BNamericas: Existem negociações mesmo com os incumbentes, com as grandes operadoras nacionais, além da Telefónica?

Mora Méndez: Isto compõe um pouco da nossa confidencialidade comercial, mas estamos falando com todos.

O importante de tudo isso é entender que estamos nesse modelo de rede neutra e, no final, qualquer operadora, seja ela quem for, espera chegar rapidamente ao seu cliente final.

O time-to-market para a implantação é bastante complexo. Portanto, construir em uma rede implantada, em uma rede que está implantando rapidamente, acelerará o tempo de lançamento no mercado e até gerará uma oferta muito mais barata para os clientes.

Estamos aqui para mudar o modelo operacional de telecomunicações da Colômbia.

O modelo trabalha para que haja muito mais usuários de fibra e que a fibra se torne muito mais massiva. No final, a decisão é tomada pelo cliente sobre quem entrega o melhor produto com as melhores características e níveis de serviço. E é aí que as operadoras têm que competir. Não na rede.

BNamericas: Quais são os investimentos planejados?

Mora Méndez: Estamos investindo 850 bilhões de pesos, cerca de US$ 250 milhões, nos próximos dois anos. E somos uma empresa de US$ 500 milhões. É um projeto bastante ambicioso.

BNamericas: Pouco mais de US$ 100 milhões por ano.

Mora Méndez: Isso mesmo.

BNamericas: Quais problemas e desafios vocês têm enfrentado na implantação da fibra no país? Em termos de custos, licenças e assim por diante.
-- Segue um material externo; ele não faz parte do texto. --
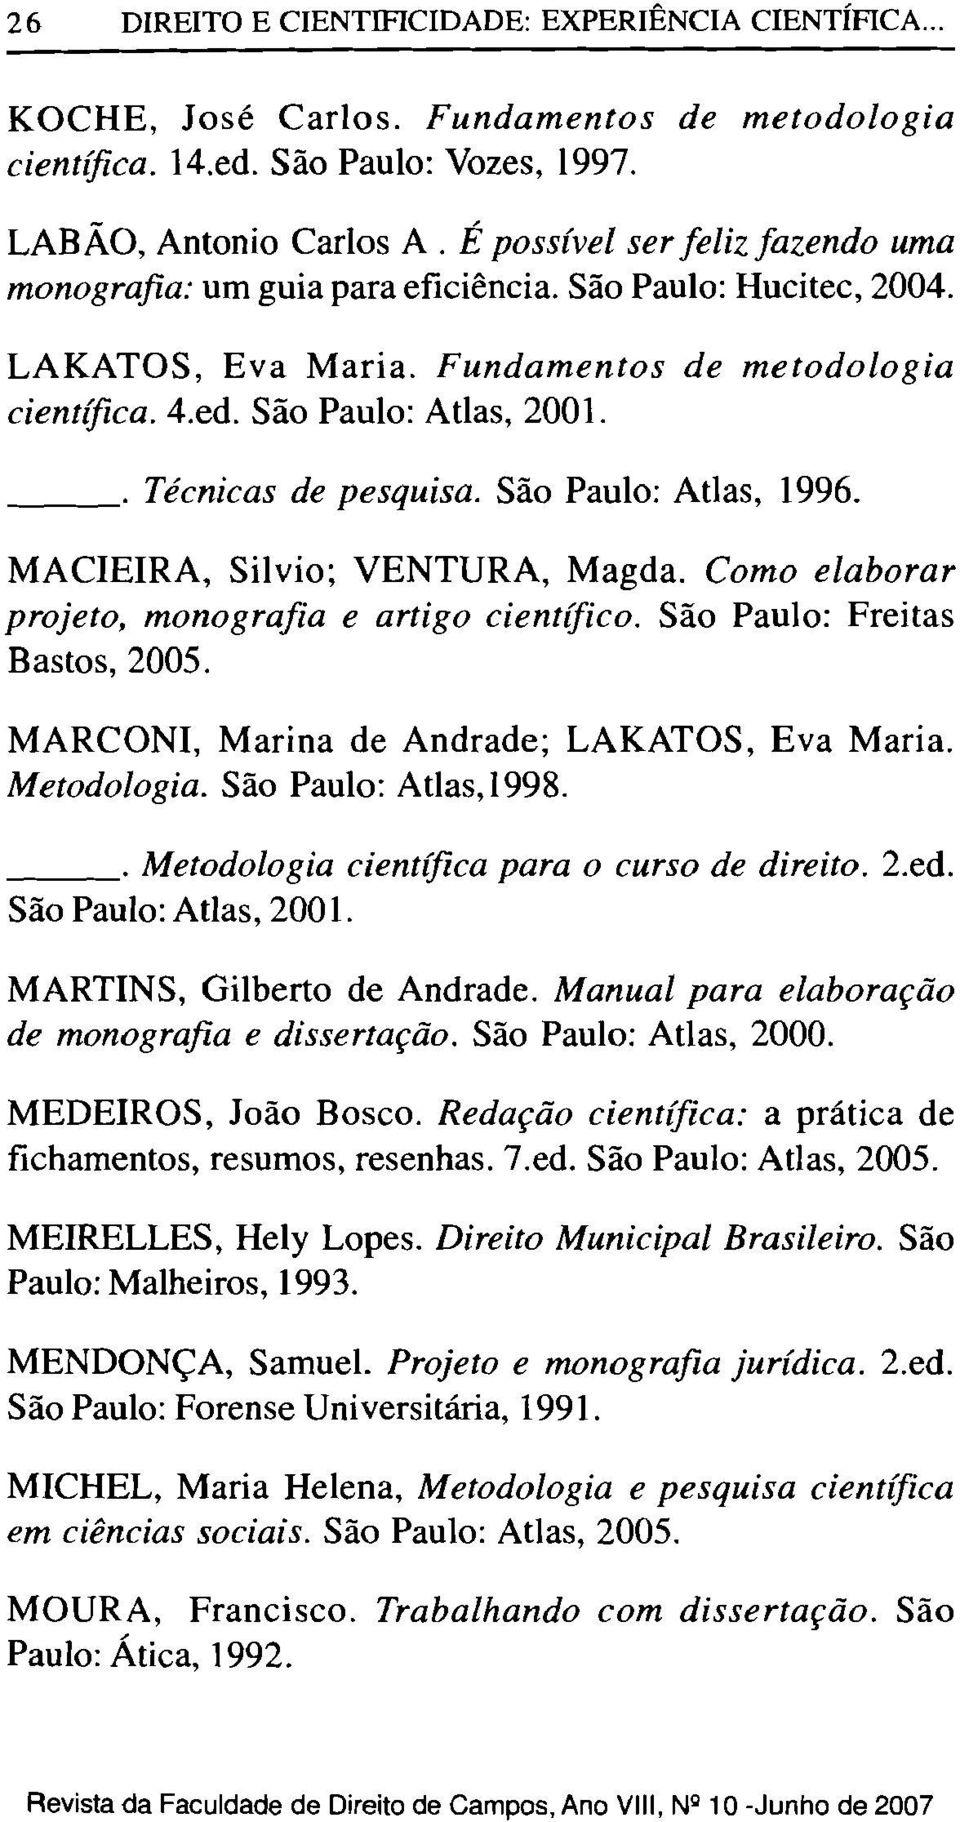 o Técnicas de pesquisa. São Paulo: Atlas, 1996. MACIEIRA, Silvio; VENTURA, Magda. Como elaborar projeto, monografia e artigo científico. São Paulo: Freitas Bastos, 2005.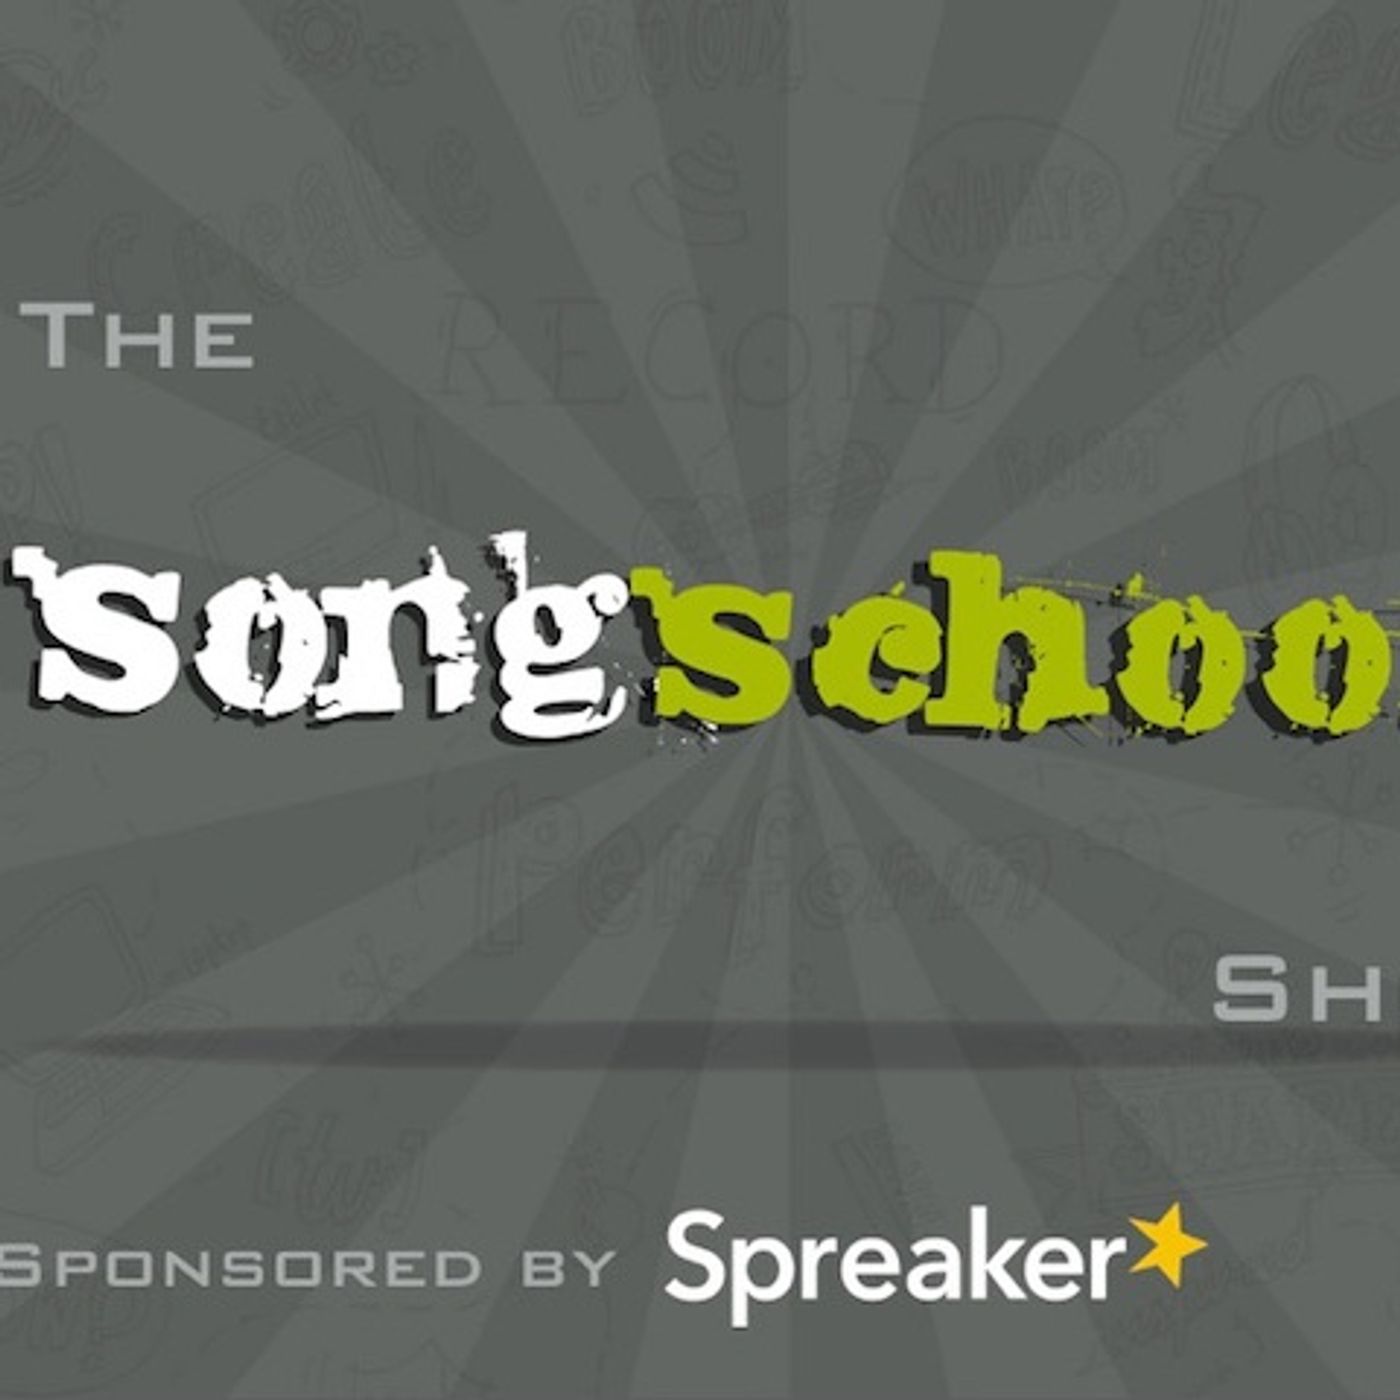 The Songschool Show @ Colaiste Iosagain (1:3)

Mora Méndez: Neste primeiro semestre, acredito que não vamos ter nenhum tipo de tensão, pelo menos em relação ao fornecimento de tudo o que tem a ver com materiais de implantação.

Estamos recebendo as autorizações. Penso que também existe uma relação muito boa com os governos locais para realizar essas implantações.

É sempre um desafio, no final, porque em cada município existem normas de ordenamento do território. Mas agora estamos indo muito bem.

BNamericas: Quais são os fornecedores com quem vocês trabalham?

Mora Méndez: Em tecnologia, temos uma combinação de tudo. Há Nokia, Huawei, ZTE. E isso é bem normal.

À medida que os modelos de negócios evoluem, com certeza buscaremos encontrar o modelo mais adequado técnica e financeiramente para o que nossa empresa deseja. E, nesta ordem de ideias, seguramente a médio prazo tomaremos decisões para escolher um fornecedor com o qual trabalharemos mais.

O importante aqui é que essa relação de custo, benefício e oferta nos dê a equação da forma correta. De nada adianta, por exemplo, ter bons preços se não tiver oferta, e vice-versa.